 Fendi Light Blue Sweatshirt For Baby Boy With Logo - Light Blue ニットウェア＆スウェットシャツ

________________________________________

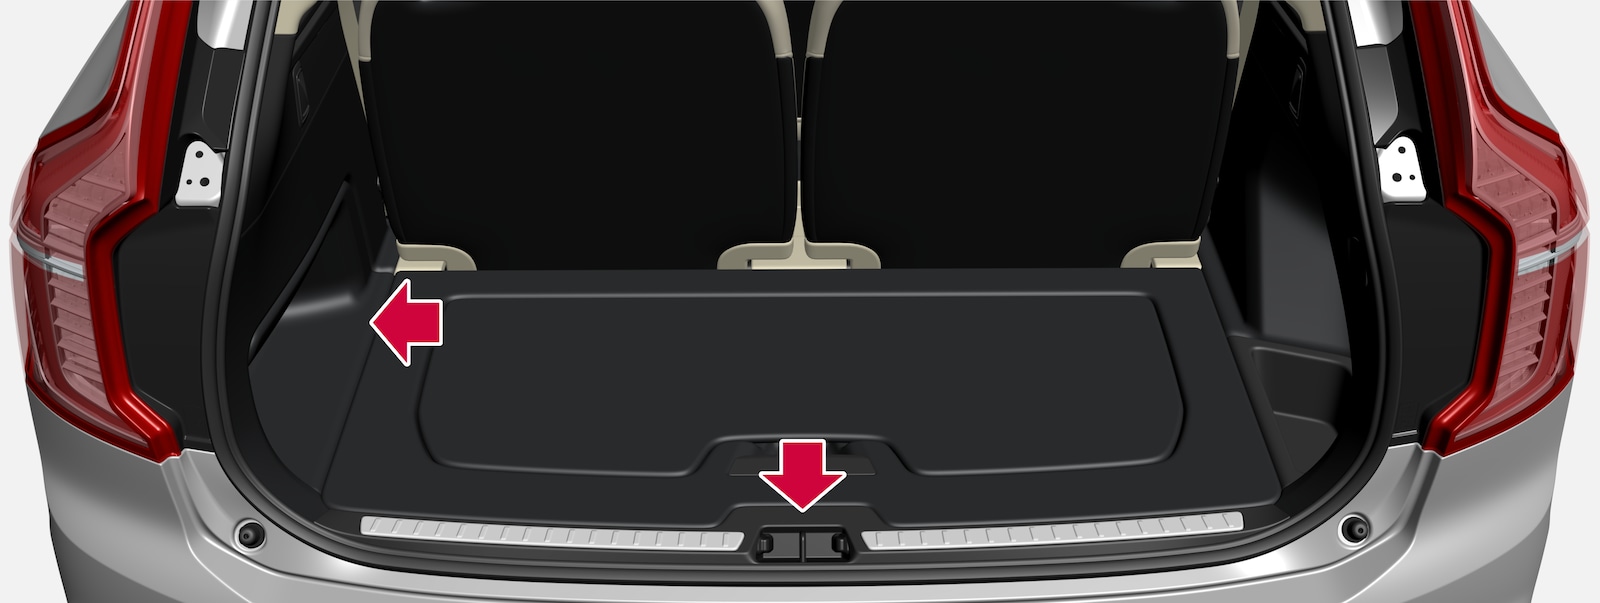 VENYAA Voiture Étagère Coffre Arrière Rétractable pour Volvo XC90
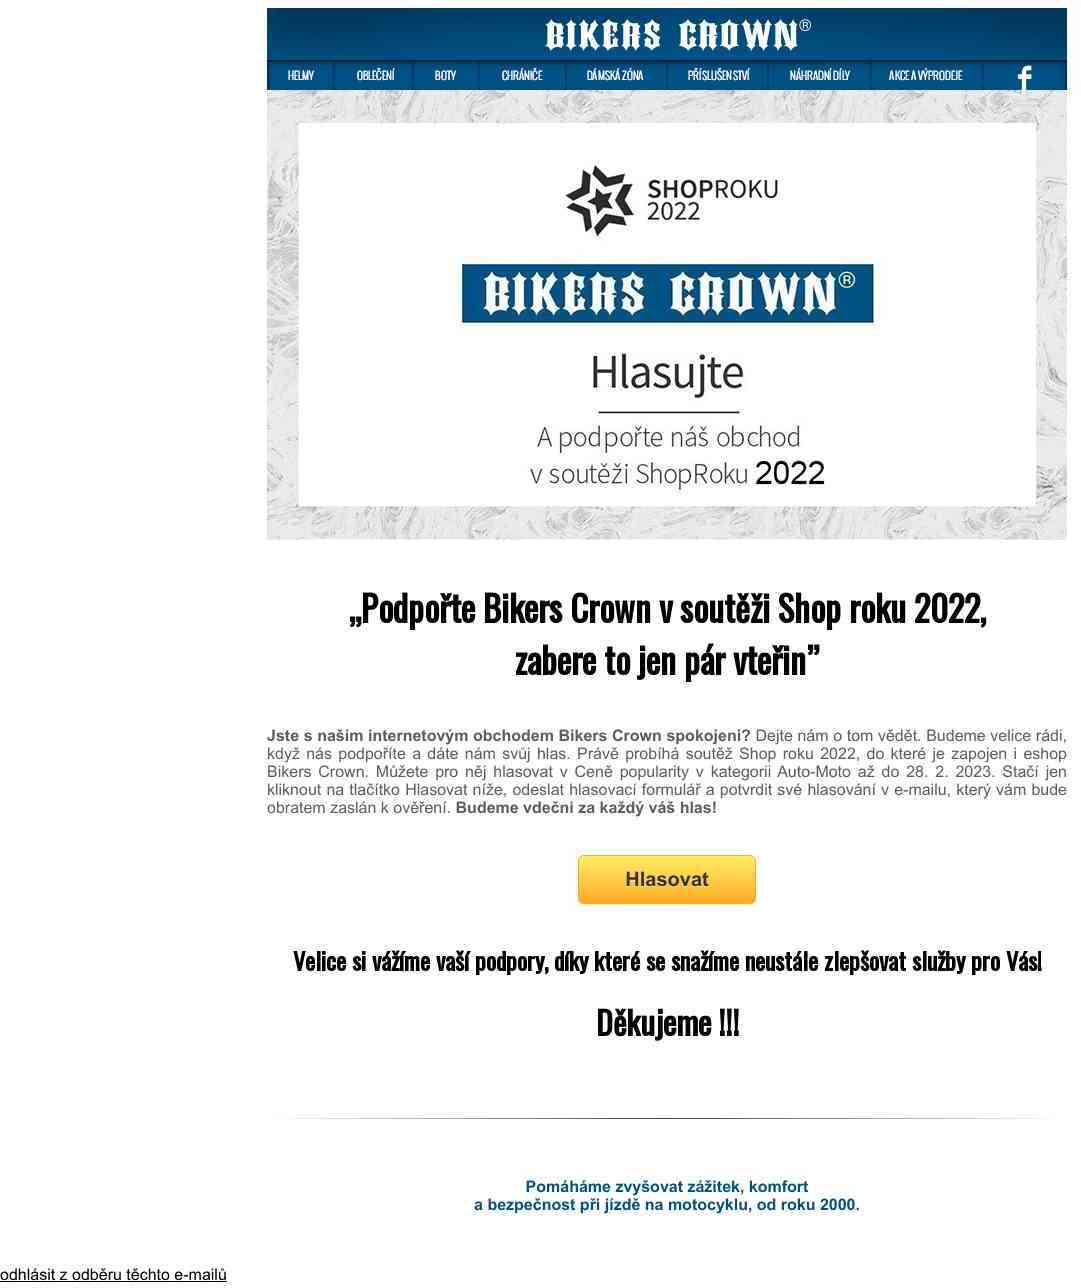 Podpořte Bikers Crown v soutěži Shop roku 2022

________________________________________

Work to be completed
Starting with the line above that holds "VENYAA Voiture Étagère", restate each line word for word up to and including the line that holds "Podpořte Bikers Crown". Drop the pictures.

Exercise response
 VENYAA Voiture Étagère Coffre Arrière Rétractable pour Volvo XC90
 Podpořte Bikers Crown v soutěži Shop roku 2022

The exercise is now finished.